According to the provided case study, it could be deduced and understood that the patient, Mr. Brown, was suffering from serious chest pains. This had made him to approach the hospital for reception of the necessary treatment. The doctor on duty was responsible to treat him properly but did not have the necessary time for it. The subsequent pain killer which had been prescribed by him was available easily. The patient suffered fatality the next day out of pneumonia. The doctor who had been on duty and had prescribed the medicine to Mr. Brown was the employee at the hospital. As the patient had approached the hospital, the institution of medicine had become responsible for the wellbeing of the patient as a concerted and unified unit. The doctor could be identified as a professional who was in possession of the specific knowledge regarding medication. This actually implies that the doctor was entrusted with the specific responsibility and the duty to undertake the duty of care which was independent from the responsibility of the hospital. It brings the liability of dual responsibility on the doctor as being a doctor and a hospital employee. The cause of death as it has been specified in the case study is not directly related with any dereliction of responsibility or of negligence that could have emerged on part of the doctor. In this regard, the doctor would be held responsible for the negligence of the professional responsibility towards his patients and the hospital would be liable for the negligence to the patient as it had been caused while the employee of the hospital, the doctor, was performing the official duties according to the vicarious liability conditions.
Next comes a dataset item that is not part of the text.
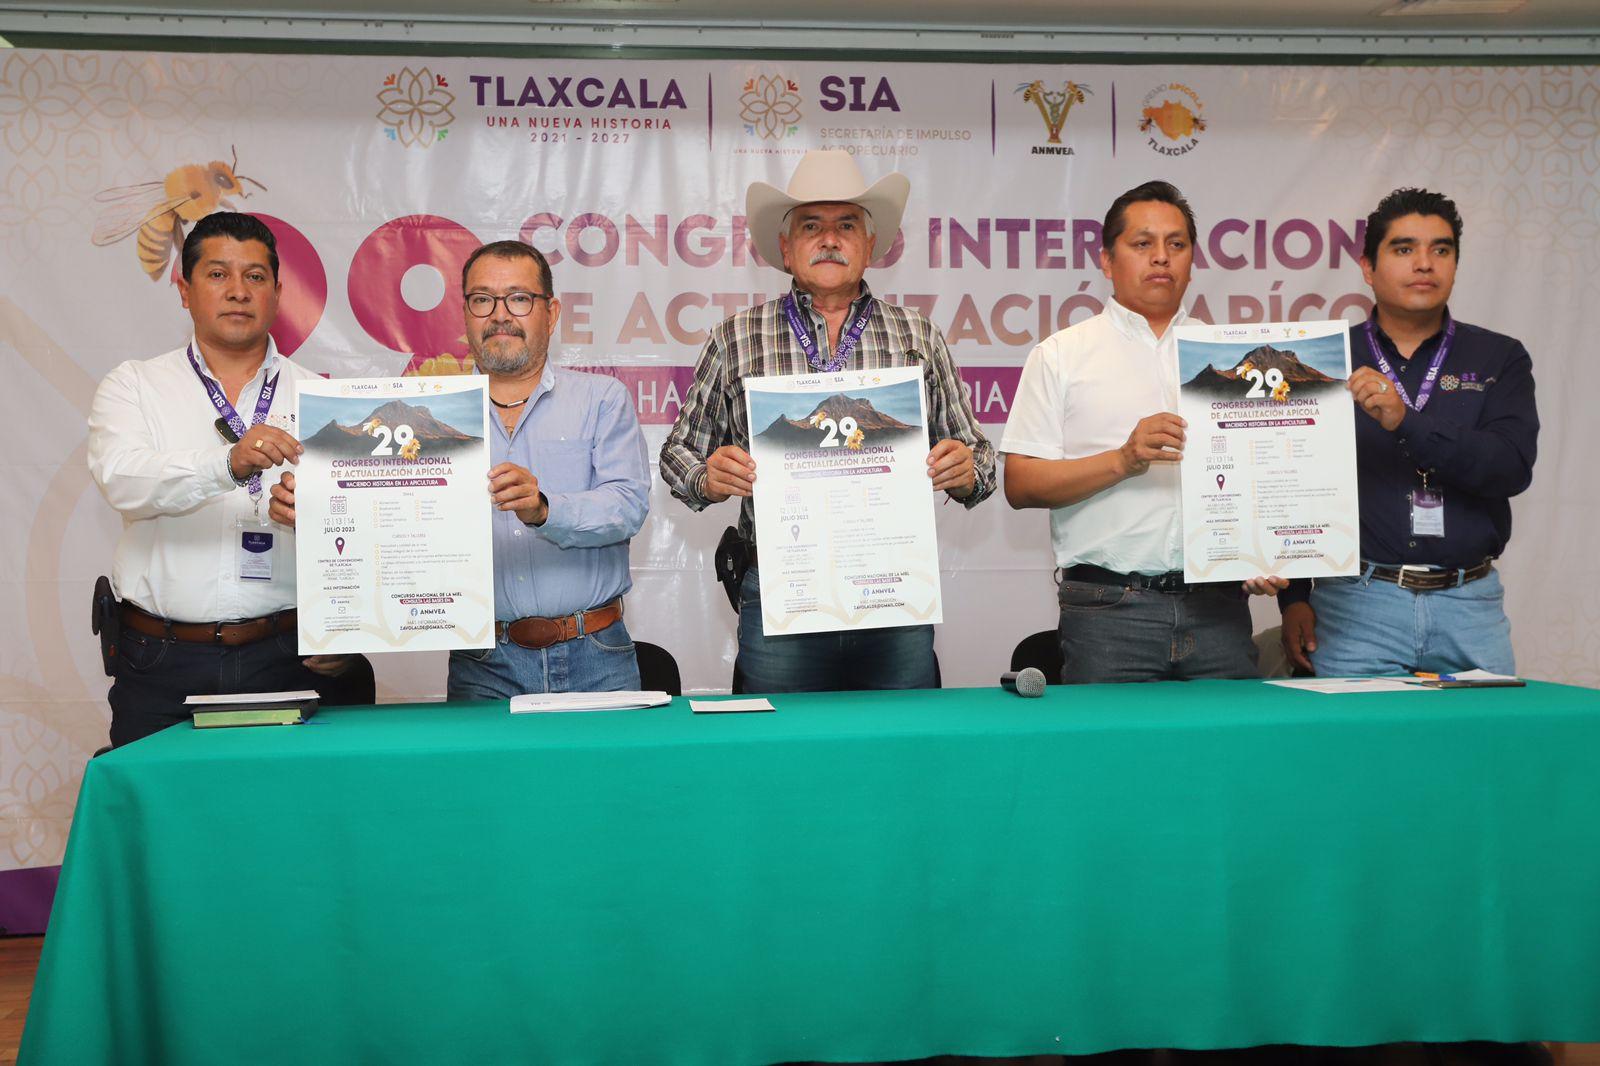 Tlaxcala será sede del XXIX Congreso Internacional de Actualización Apícola

The driver in this case study is the employee of the company and it was his entrusted duty to receive the client from the airport and despite this responsibility that was entrusted to him by his employees, he had neglected the duty of care to ensure the health and safety of the passenger that he had gone to the airport to receive and had got drunk in the process and this was the cause of the accident in the first place.
Thereby, it could be determined that the driver made a deliberate decision to create risk factors for his passenger. It was not something that the employer had made the choice regarding the effects of the acts of the driver.It would be considered to be a clear case of vicarious liability as the damage had been caused while doing the professional duty provided to the driver by the employer company. The company is liable for the losses that had taken place due to the accident.
The provided case scenario explains that the duty to ensure the health and safety of the employees and the associated people had been delegated to another company by the Supermarket. As the accidental injury involves the acts of an employee of the Supermarket then it is determinable that the original employer is the Supermarket and the entity has the direct performance influence regarding the working schedules and the job profiles in the premises of the working area.Therefore, the supermarket will be held vicariously liable towards the injuries that had been caused to the employee and the principle reason behind such a consideration lies in the fact that it had occurred during the performance of the provided official responsibilities by both the employees of the same Supermarket.
The creation of any contract demands the presence of the founding elements. These important elements are invaluable to provide the standardisation of the contract. The elements are included to ensure the validation of the contract in the legal format and it becomes more important when the breach of contract occurs due to any reason and the elements of the contract formulation ensure that the breach of contract could be evaluated and proved in terms of the breach of the conditions and the terms of the contract. Such breaches are covered by the Civil Legalities such as the liability of tort conditions.